Neonatal stroke occurs more frequently in males than females across diverse ethnic backgrounds and nationalities. However, the sex steroid environment at the time of stroke does not completely explain the sexual dimorphism observed in stroke risk and outcome in children. Preliminary data indicates that sex differences in ischemic sensitivity also extends to the cellular level, as astrocytes and neurons from male neonatal rodents are more sensitive to oxygen-glucose deprivation (OGD), an in vitro model of ischemia, than cells from female neonatal rodents. Our preliminary data suggest that the sex-specific responses of astrocytes to OGD are linked to developmental reprogramming by testosterone during sexual brain differentiation.
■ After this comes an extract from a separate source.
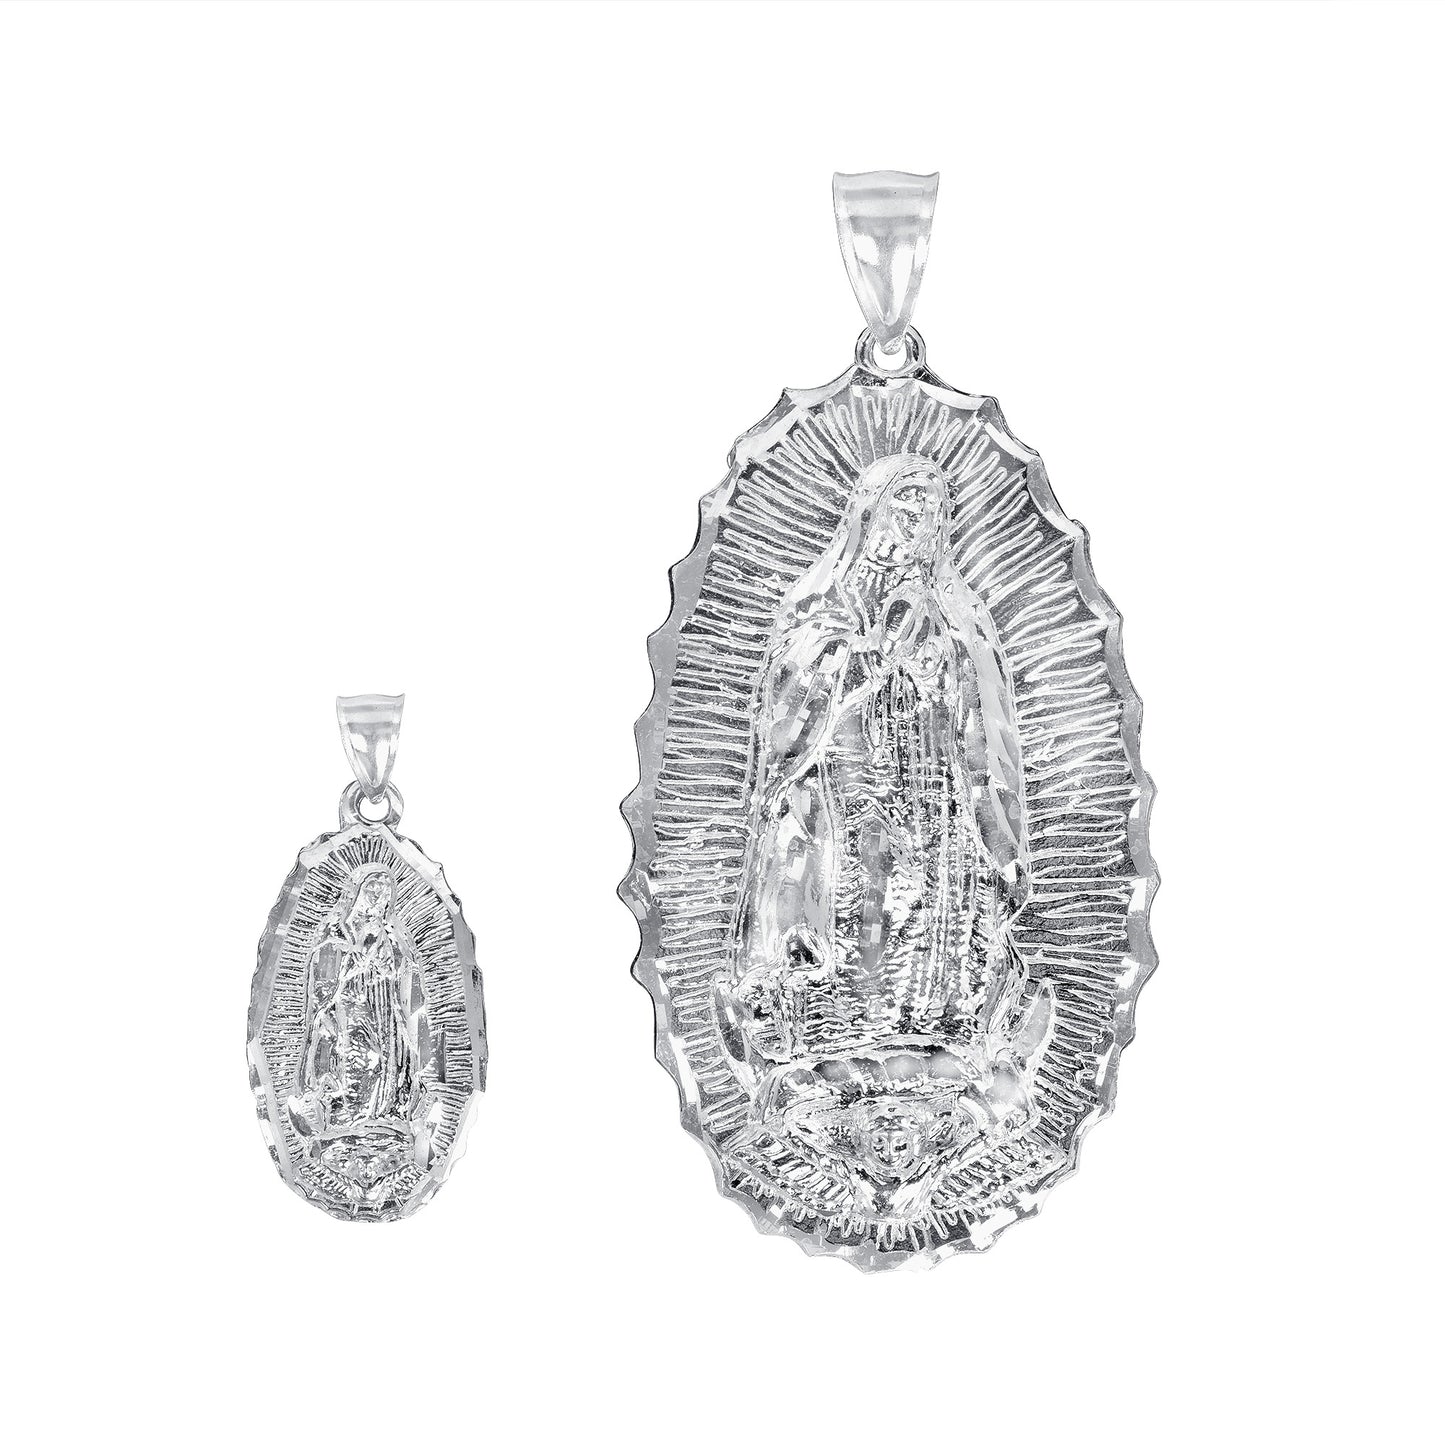 Silver 925 Virgin of Guadalupe Medallion. MEDA48

The central hypothesis is that the developing brain can assume either a "male" or "female" basal ischemic sensitivity, with males being more sensitive, and that testosterone-induced reprogramming of astrocytes during brain differentiation shapes the development of "male" rather than "female" cellular (astrocyte and neuronal) ischemic sensitivity in neonatal brain. This proposal is innovative in that it will link testosteroe exposure during brain development to sex differences in cellular ischemic sensitivity in neonatal brain via a novel astrocyte-specific mechanism involving microRNA 29 (miR-29) mediated regulation of de novo DNA methylation enzymes and subsequent epigenetic modifications and expression of genes responsible for shaping ischemic sensitivity of astrocytes directly and of neurons indirectly. To investigate this mechanism directly, we will use an innovative approach, whereby testosterone levels during brain sexual differentiation are altered in vivo in male and female rats and then sex-stratified cultures of astrocytes and neurons derived from these rats postnatally are studied in vitro separately and in co-cultures.
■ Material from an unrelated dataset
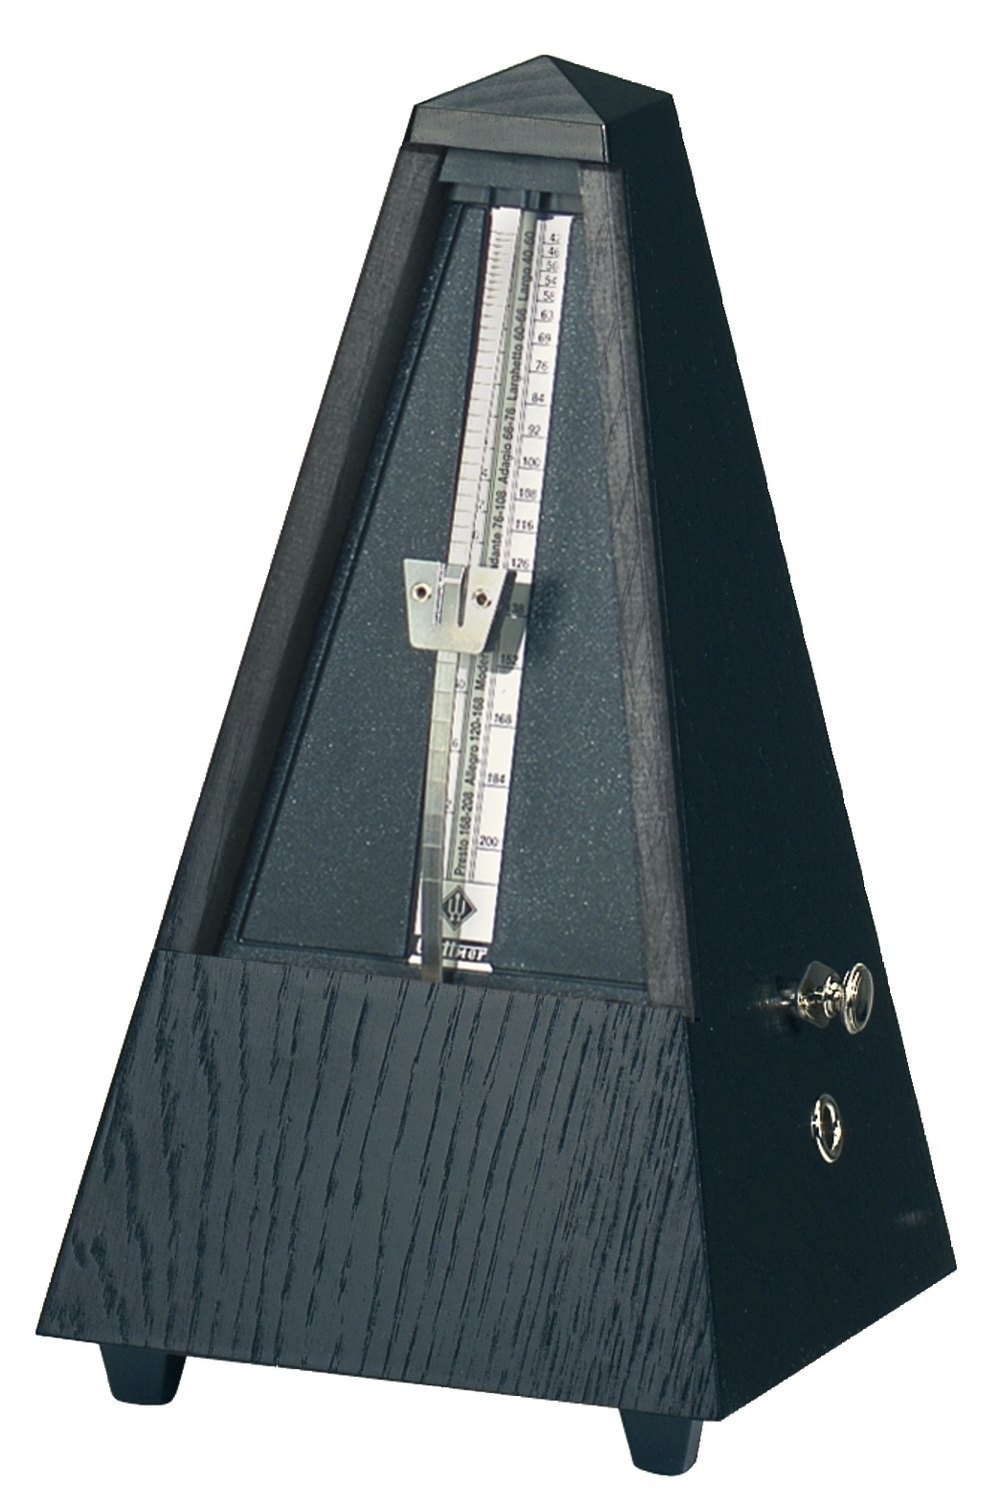 Wittner Taktell Pyramidenform, Holzgehäuse mit Glocke Bild 1

Aim 1 will determine if increased ischemic sensitivity of male vs. female astrocytes and neurons is due to the effects of testosterone-induced reprogramming of astrocytes during brain sexual differentiation. Hypotheses are that manipulation of testosterone levels during brain sexual differentiation will reverse sex-specific sensitivity to OGD in astrocytes and neurons.
Aim 2 will determine if testosterone-induced reprogramming of astrocytes during brain sexual differentiation increases cellular (astrocyte and neuronal) ischemic sensitivity by altering expression of the miR-29 family and its target genes, de novo DNA methyltransferases 3A and 3B (DNMT3A and 3B), in astrocytes. Hypotheses are that exposure to testosterone during brain differentiation leads to increased astrocyte and neuronal sensitivity to OGD via reduced miR-29 family expression and consequent increased DNMT3A and 3B expression in astrocytes. Lentiviral overexpression or knockdown of the miR-29 family will be used to link changes in the miR-29 family to molecular and ischemic outcomes in astrocytes and neurons. The proposed work is significant as it will characterize outcomes, epigenetic events, molecular pathways and cell-specific effectors underlying the development of cellular (astrocyte and neuronal) ischemic sensitivity in male vs. female neonatal brain.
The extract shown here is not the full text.